Yield performance is in the heart of breeding, crop research and agricultural practices (Ferrante et al., 2017). The ability of reliably classifying and predicting yield production was key for plant researchers and breeders to understand crop yield performance under complex field conditions (Jin et al., 2017). Moreover, to be able to estimate yield production during the season could facilitate growers and farmers to make reliable decisions of agronomic management such as crop rotations, fertilisation, and irrigation, so that growing conditions for crops could be optimised to facilitate more accurate and sustainable agricultural practices (Reynolds et al., 2020).

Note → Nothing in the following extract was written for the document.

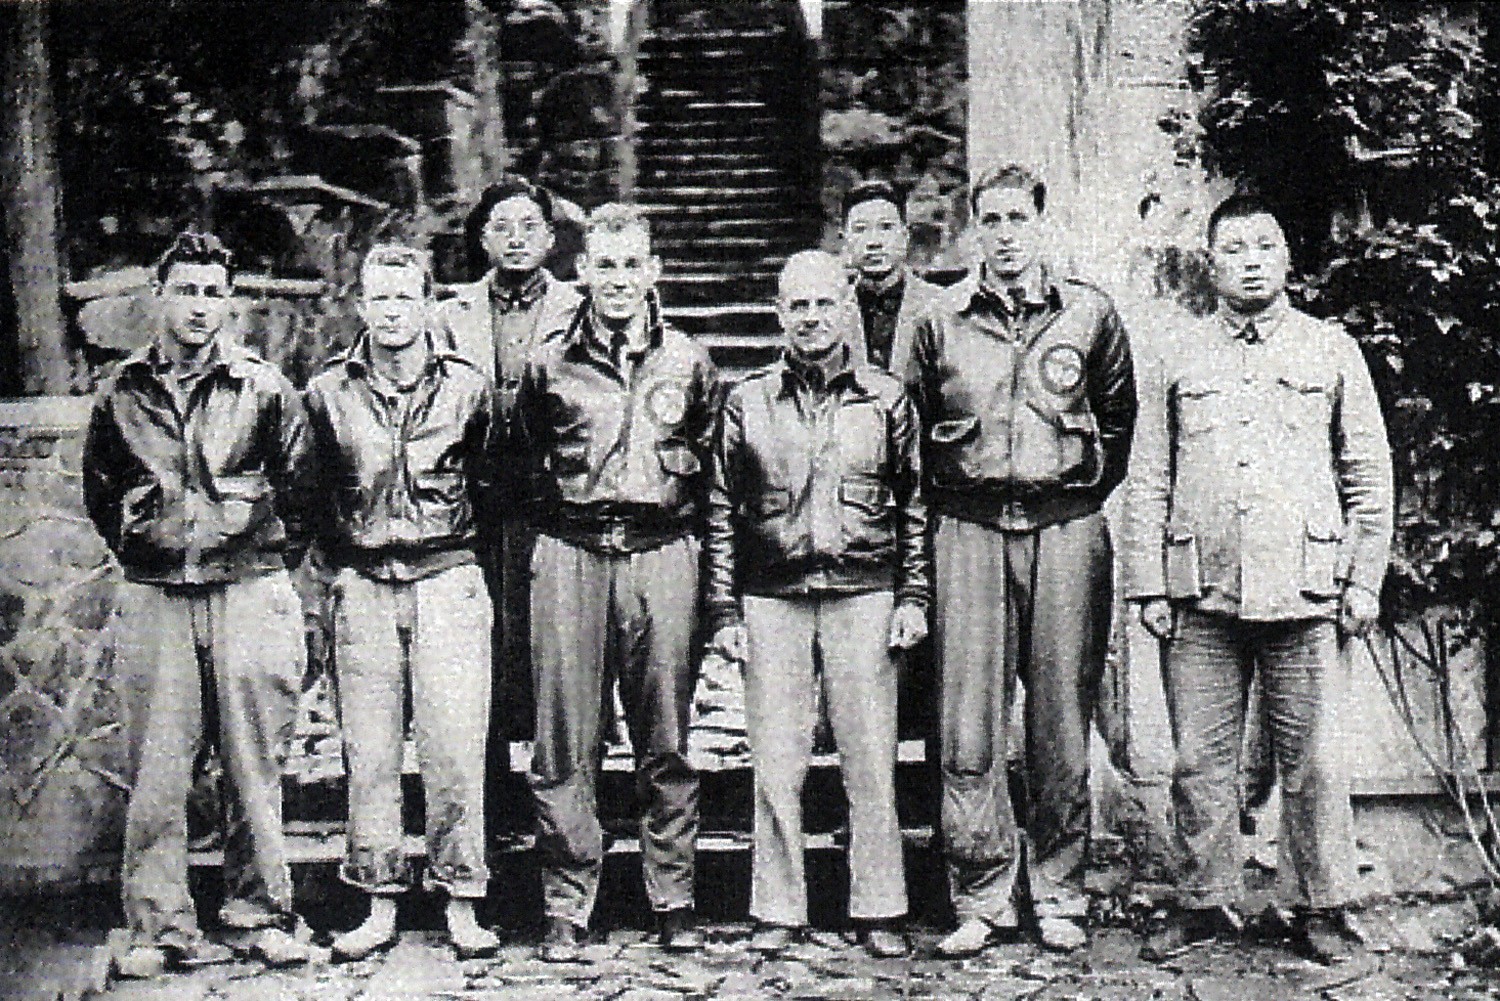 （图10）1942年4月，获救的杜立特一号机组5位飞行员在位于西天目山的浙江行署主任贺扬灵公馆潘庄前合影。一排从左至右为：布拉默中士、伦纳德中士、科尔中尉、杜立特中校、波特中尉。右一为行署主任贺扬灵.jpg
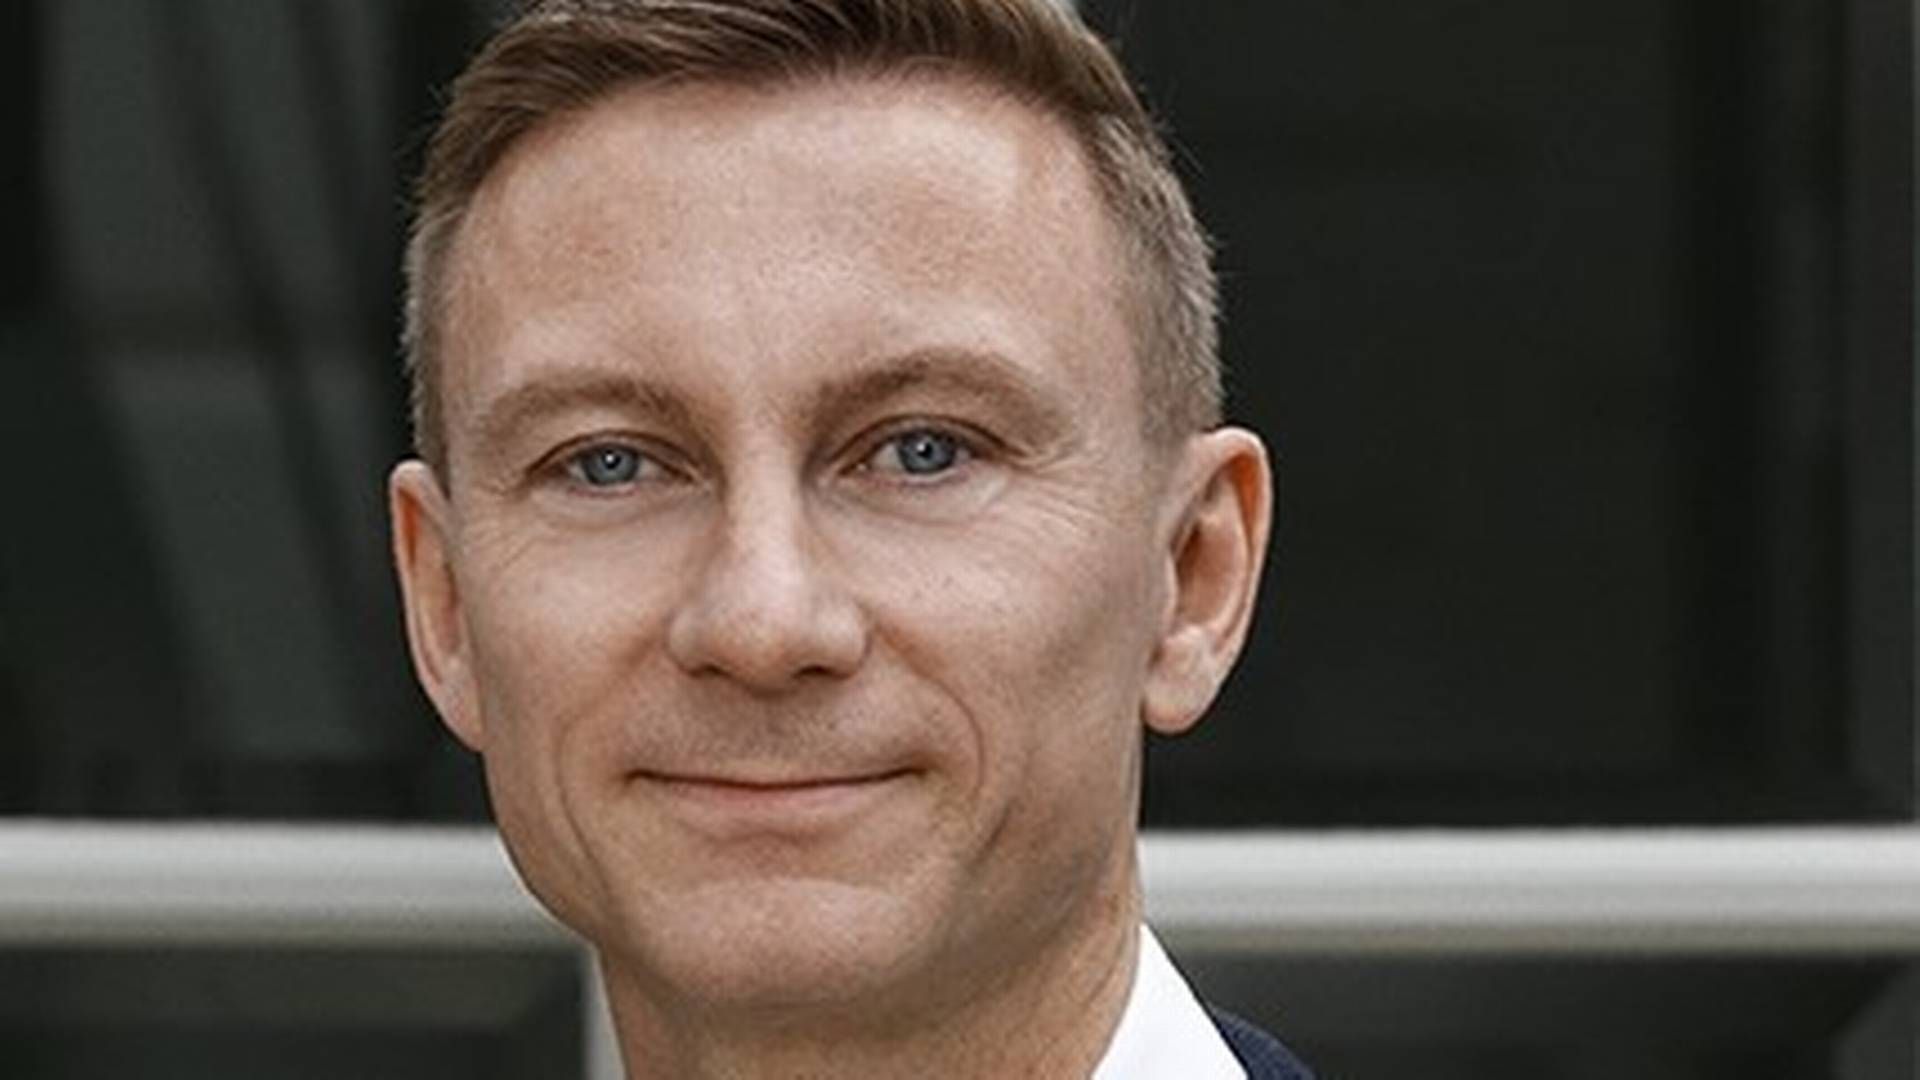 44-årige Peter Søgaard bliver efter knap 14 år i virksomheden nu adm. direktør for udviklerkoncernen Innovater: ”De tre nøgleord for mig er overblik, prioritering og eksekvering". | Foto: PR / Innovater

In this study, we used wheat (Triticum aestivum) as our model plant, a key staple food in China and many countries around the world. Global wheat consumption reached 793 million tons in 2021/22 (Nduku et al., 2023), demonstrating the great significance to ensure its supply. Nevertheless, wheat yield production could be affected by many factors in the field, ranging from environmental factors to agronomic inputs (Yang et al., 2021). Hence, it is important to equip breeders and plant researchers with suitable toolkits, so that they could assess yield performance during the reproductive phase. To characterise wheat grain yield, key components such as spike number per unit area (SNpM²), grain number per spike (GNpS), and thousand grain weight (TGW) were often utilised (Griffiths et al., 2015). The SNpM² trait was regarded as a key indicator to evaluate yield potential (Bastos et al., 2020). Breeders, crop researchers, growers and farmers often manually scored or statistically estimated this trait during field surveillance (Marza et al., 2006). However, traditional methods to quantify SNpM² in the field were not only laborious, but also prone to error (Qiu et al., 2019), leading to new approaches developed to address this challenge (Furbank et al., 2019). More importantly, due to the rapidly changing climates, breeding strategies were reformed towards the improvement of crops’ climate resilience and sustainability, requiring more effective data collection and analytic tools to accelerate the process of characterising yield components (Bevan et al., 2017).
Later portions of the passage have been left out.